One cannot underestimate Feynman’s contributions to physics

I was listening to a podcast about the physicist Richard Feynman and I heard some professor utter this sentence. He meant the exact opposite, of course. What he wants us to understand is that Feynman’s contributions to physics were immense — that is to say, even if you tried, you couldn’t overestimate them. Garner’s Modern American Usage notes similar similar sentences from the Post, the Times, and the Globe. He compares it to the phrase “could care less”, which in informal usage is understood to mean the oppose of what the words seem to imply — that is, we use it to mean “couldn’t care less”.  Garner rates “could care less” a 3, which means “Widespread but still considered incorrect”. He rates “impossible to underestimate” a 1 — that is, “Rejected”.

I have trouble with “impossible to underestimate” myself, so I have sympathy for the professor on the podcast. There’s some kind of double negative going on in the phrase that makes the logic hard to work out.

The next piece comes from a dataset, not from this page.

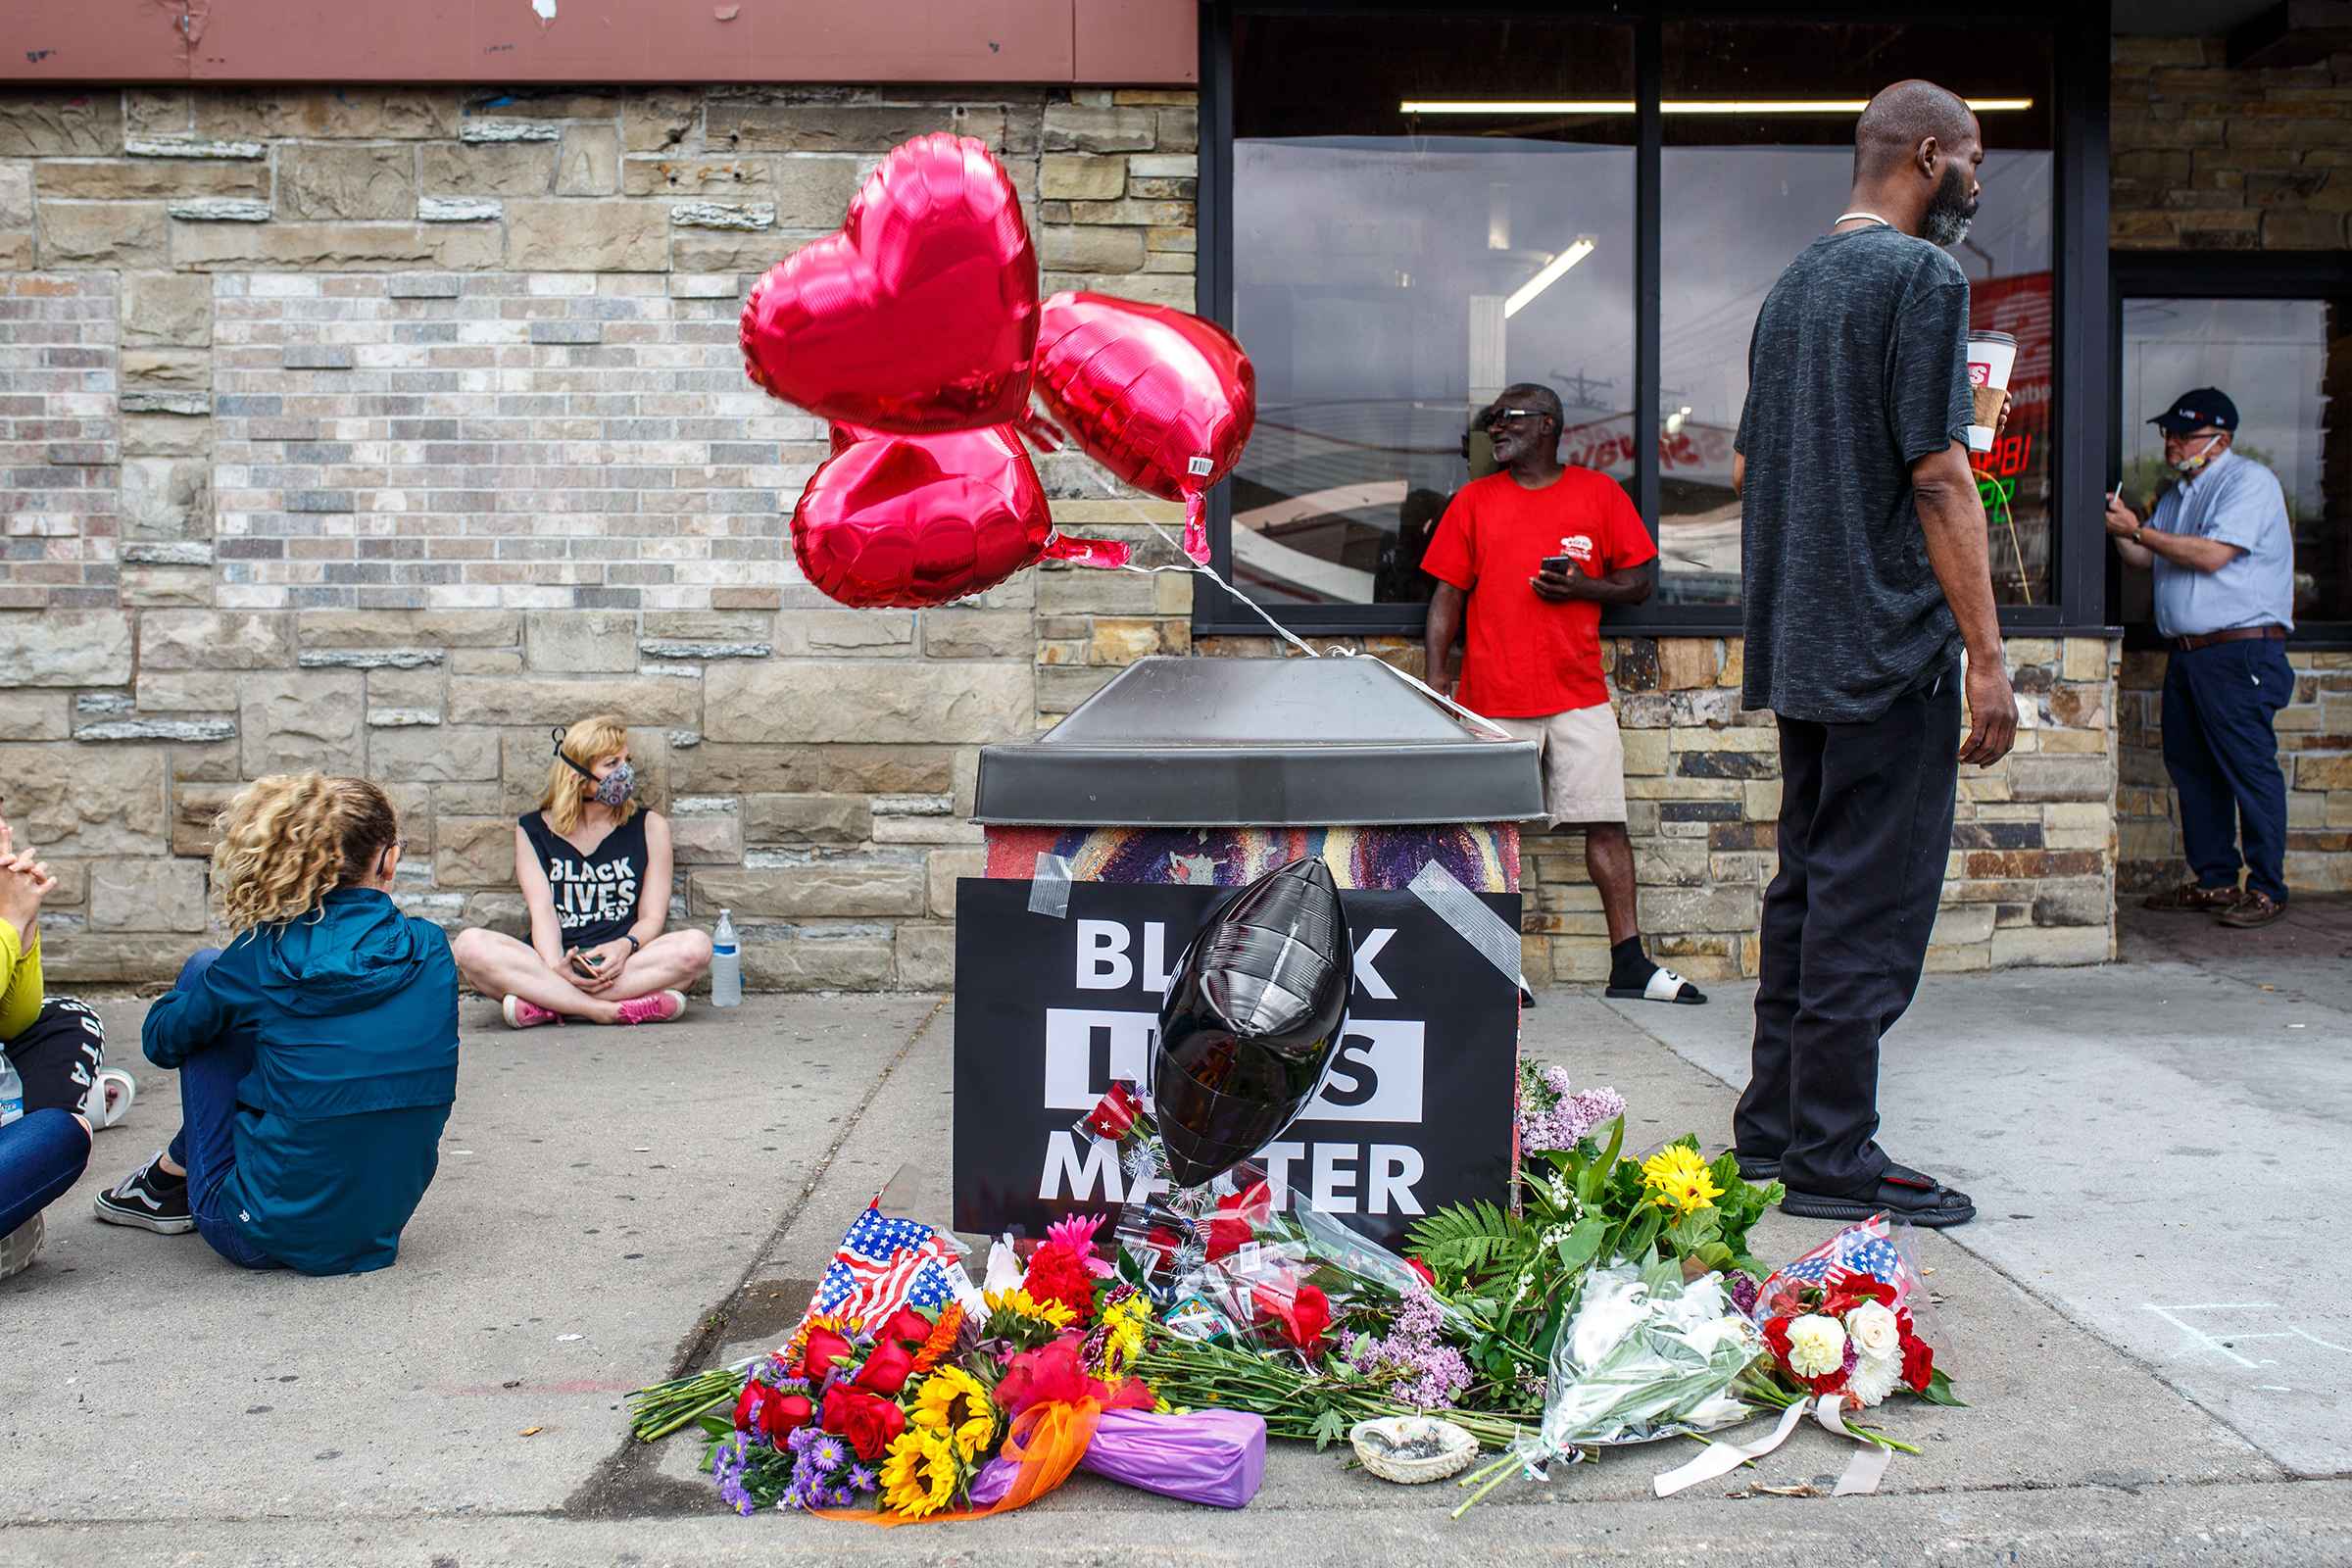 A memorial left for George Floyd, at the scene where an officer pinned him down a day earlier, in Minneapolis on May 26. (Kerem Yucel—AFP/Getty Images)

If you just said, “Don’t underestimate Feynman’s contributions…” the usage would be correct, but “impossible to underestimate” just heads in the wrong direction.

One space or two?

Between the first draft of my novel and the second I went cold turkey and switched from two spaces after a sentence (which I’ve been doing for half a century or so) to one space. I did a global search-and-replace through my manuscript and changed all eleventy-billion occurrences of “period-space-space” to “period-space”.  I typed all my new sentences with one space between them. I switched over to single spaces in my emails as well. And I will never look back.

Yes, I know, this was an amazing achievement. Appreciate the congrats. I did it mainly because those extra spaces were going away when the document was prepared for publication. Also, at work I work on a lot of documents with multiple authors, and it is moderately important to be consistent. Also, I just wanted to show myself what I was capable of.

Anyway, here’s a study that purports to show a slight benefit to two spaces after a period. This gets the authors a feature article in the Washington Post, but the study has lots of issues, as this wonderful article in Lifehacker points out. The key issue is that the study uses a monospace font. But nobody nowadays uses a monospace font, except for showing computer code or the like!

[R]eading a proportional font and a monospace font are two completely different scenarios. The study even acknowledges this: “It is possible that the effects of punctuation spacing seen in the current experiment may differ when presented in other font conditions.” Of course it’s possible—that’s what the whole debate is about! Why would you use Courier New!

So the study is pretty bogus, but I suppose the money from the two-space lobby will continue to roll in, and the researchers will go on speaking tours, write best-selling books, appear on major talk shows, etc. Good for them. But I will have the quiet satisfaction of having done the right thing by switching to one space, even at enormous personal cost. Not all heroes wear capes.